Ссылки для упрощенного доступа

"Если потерять себя, то дальше что?" Возможно ли честное документальное кино в сегодняшней России


Сенатор от Тывы Дина Оюн вручает победителям грамоты "за сохранение традиций сарлыководства"
Сенатор от Тывы Дина Оюн вручает победителям грамоты "за сохранение традиций сарлыководства"

За три дня до начала V Международного кинофестиваля Lendoc, который проходил в Петербурге 23–27 августа, режиссер-документалист Светлана Стасенко узнала, что ее фильм снят с программы без объяснения причин. Позднее стало известно об анонимном доносе. Автор анонимки утверждал, что "на победу в конкурсе от Минкульта претендует фильм ярой русофобки Светланы Стасенко". Причиной же так называемой "русофобии" доносчик назвал некие посты в фейсбуке, которые Светлана, по ее словам, не писала. Официальных разъяснений случившегося от организаторов фестиваля не последовало.

Текст: "Окно"

"Я, безусловно, за мир. Но, если люди, желающие добра и мира своей стране, – "русофобы", то кто же тогда, извините, "русофилы"?" – написала Светлана у себя в фейсбуке, узнав про анонимку.

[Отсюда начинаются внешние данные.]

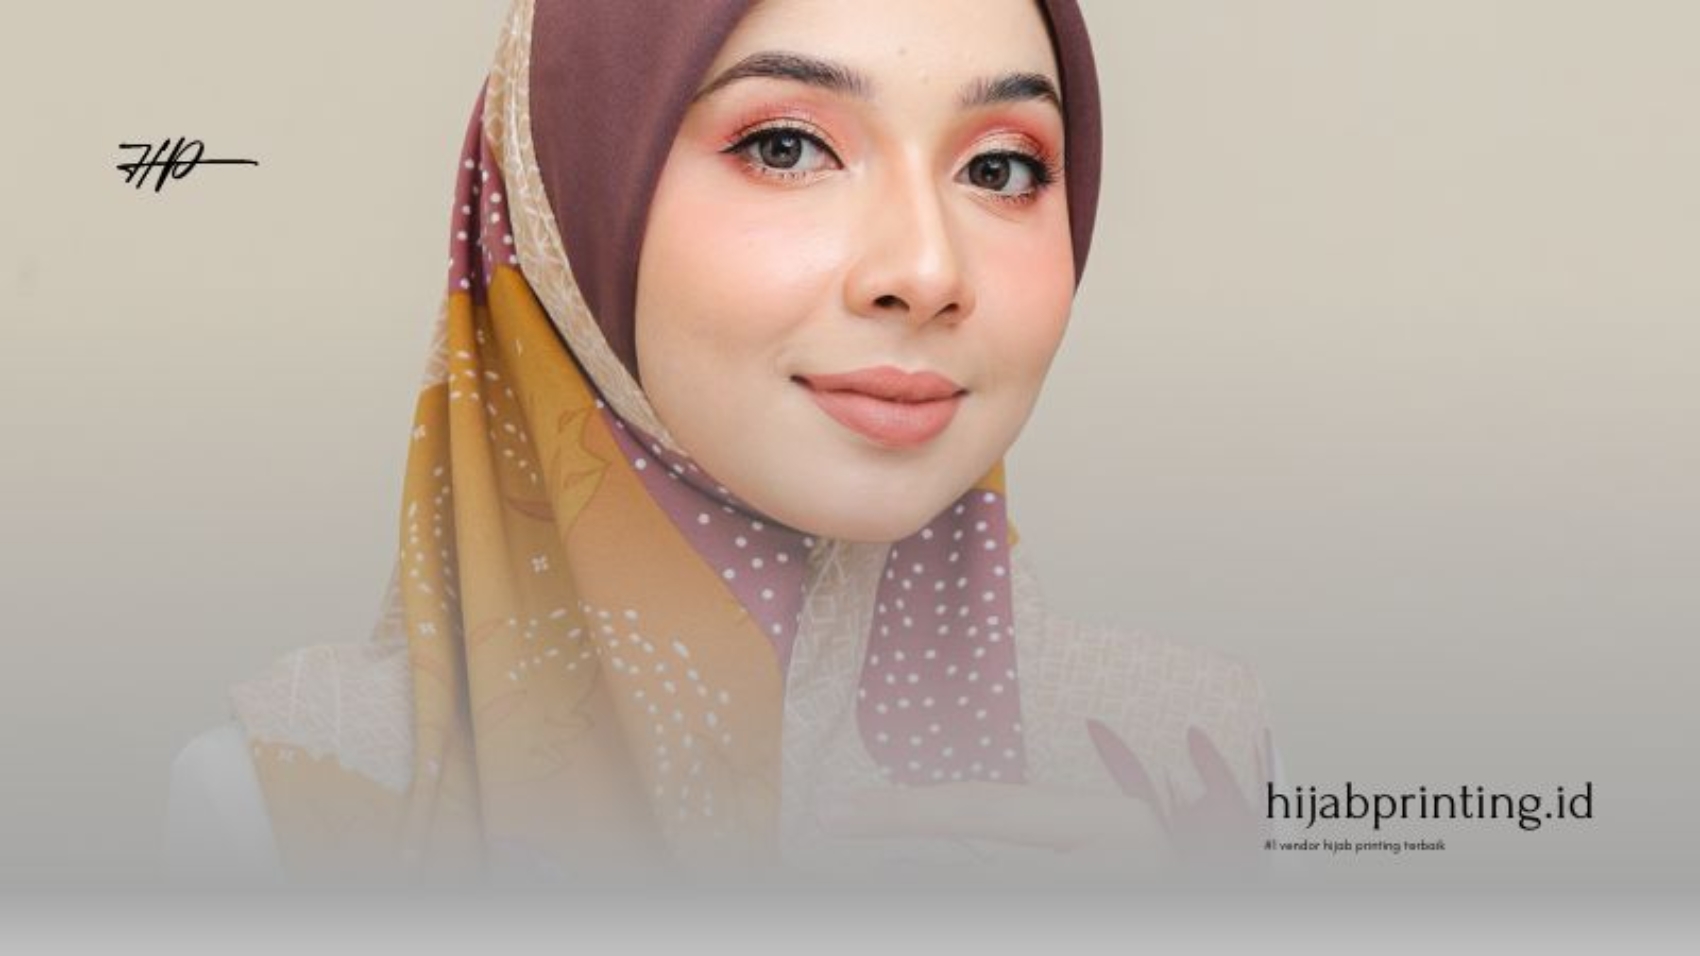 Cetak Hijab Printing Custom Segi Empat Bahan Voal Bandung Berkualitas
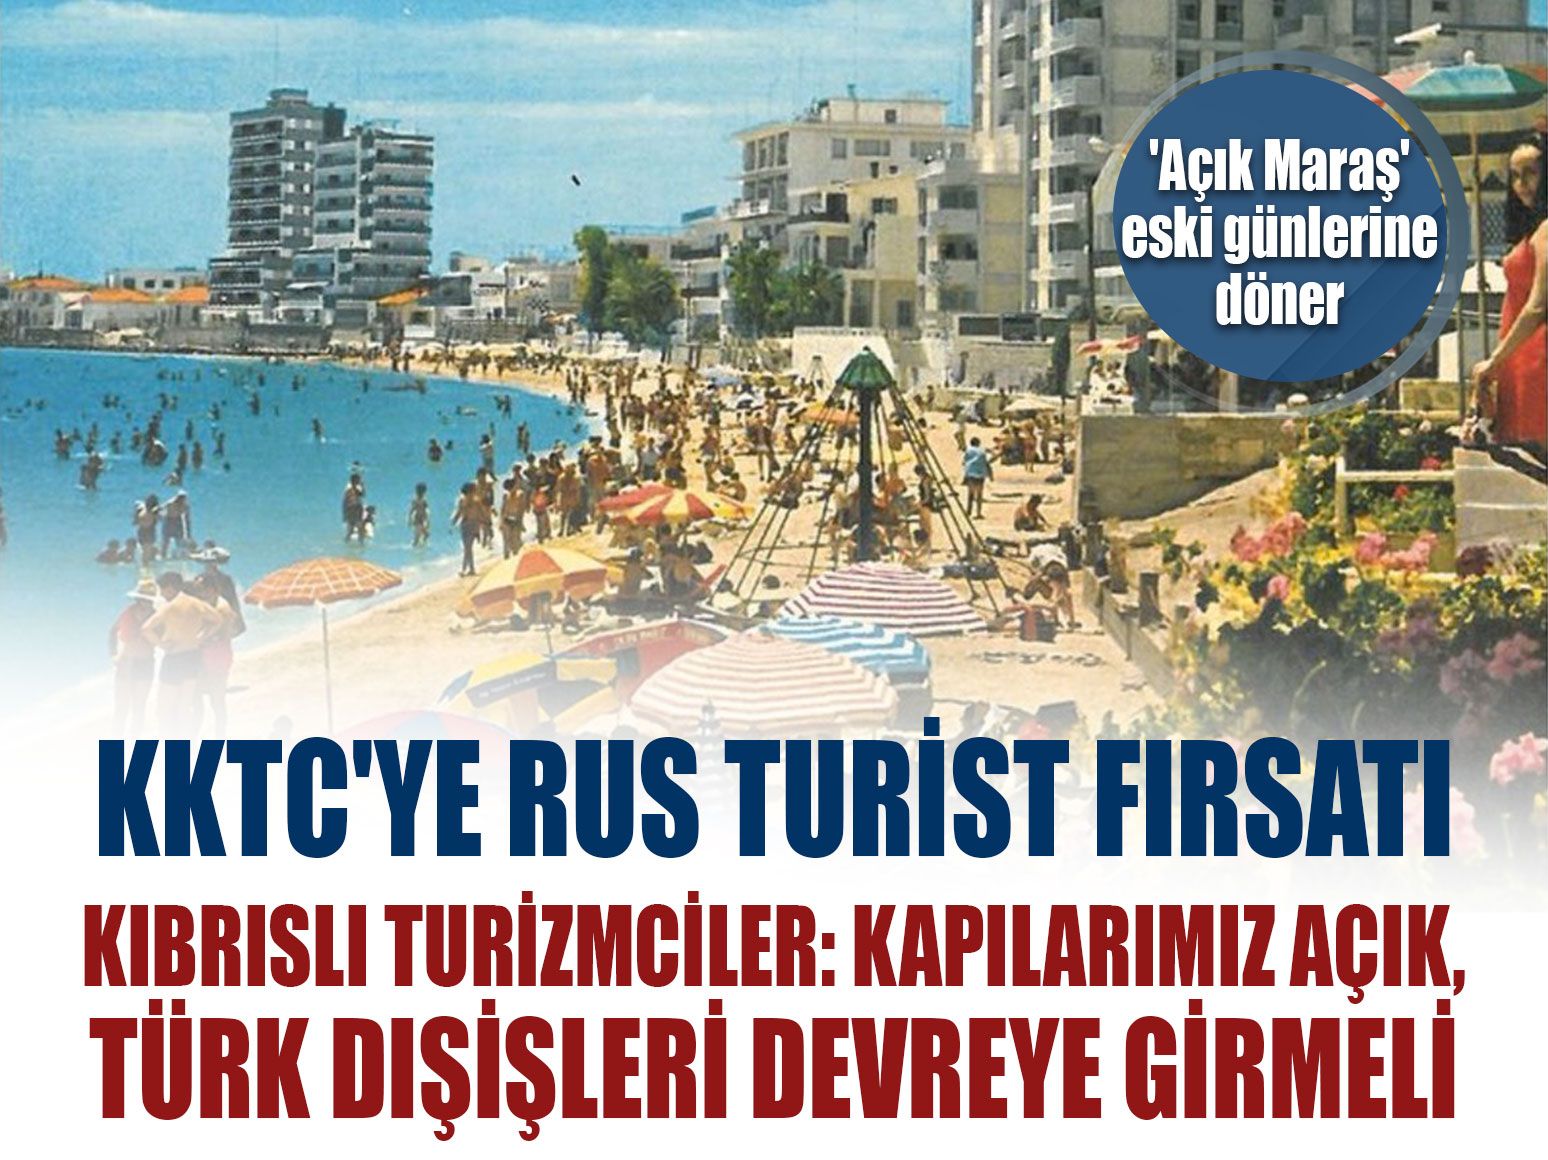 KKTC'ye Rus turist fırsatı, Kıbrıslı Turizmciler: Kapılarımız açık, Türk Dışişleri devreye girmeli

Чуть ранее фильм Светланы Стасенко "Здесь выживут только сарлыки" был показан в конкурсе неигрового кино на фестивале "Окно в Европу" в Выборге. Главный приз на этот раз не был вручен никому. "Мы пытаемся спрятаться за стенами нашей профессии, но жизнь вносит свои коррективы. Не можем вручить в этом году Гран-при", – загадочно заявил на подведении итогов фестиваля "Окно в Европу" председатель неигрового жюри Алексей Федорченко. В кулуарах же фестиваля говорили, что приз должна была получить Светлана Стасенко.

Светлана Стасенко
Светлана Стасенко

Она – сценарист и режиссер, автор десятков документальных фильмов, неоднократный лауреат российских и международных кинофестивалей. Ее новый фильм "Здесь выживут только сарлыки" – это рассказ о тувинских стоянках на самой высокой вершине Восточной Сибири, Монгун-Тайге, где разводят горных яков – сарлыков. Здесь не бывает туристов, а люди живут тем же укладом, что и тысячу лет назад.

В интервью "Окну" Стасенко рассказала о том, можно ли в сегодняшней России снимать честное документальное кино и почему даже этнография становится политическим и опасным сюжетом.

"Большой скульптурный портрет общества"

– Вы остаетесь в России?

– Да, конечно. Я же документалист, и мне важно то, что происходит здесь и сейчас. То, что происходит с людьми, что происходит с душами человеческими.

– А что происходит?

– Непонятно. Я пыталась разговаривать с людьми, которые, скажем так, придерживаются другой точки зрения. Начинаешь задавать им вопросы – и они начинают от тебя увиливать и как-то тебя тихо ненавидеть, потому что ответов у них нет. А мне важно понять; я же не пропагандист и агитатор, мне важно, что в душе у человека происходит.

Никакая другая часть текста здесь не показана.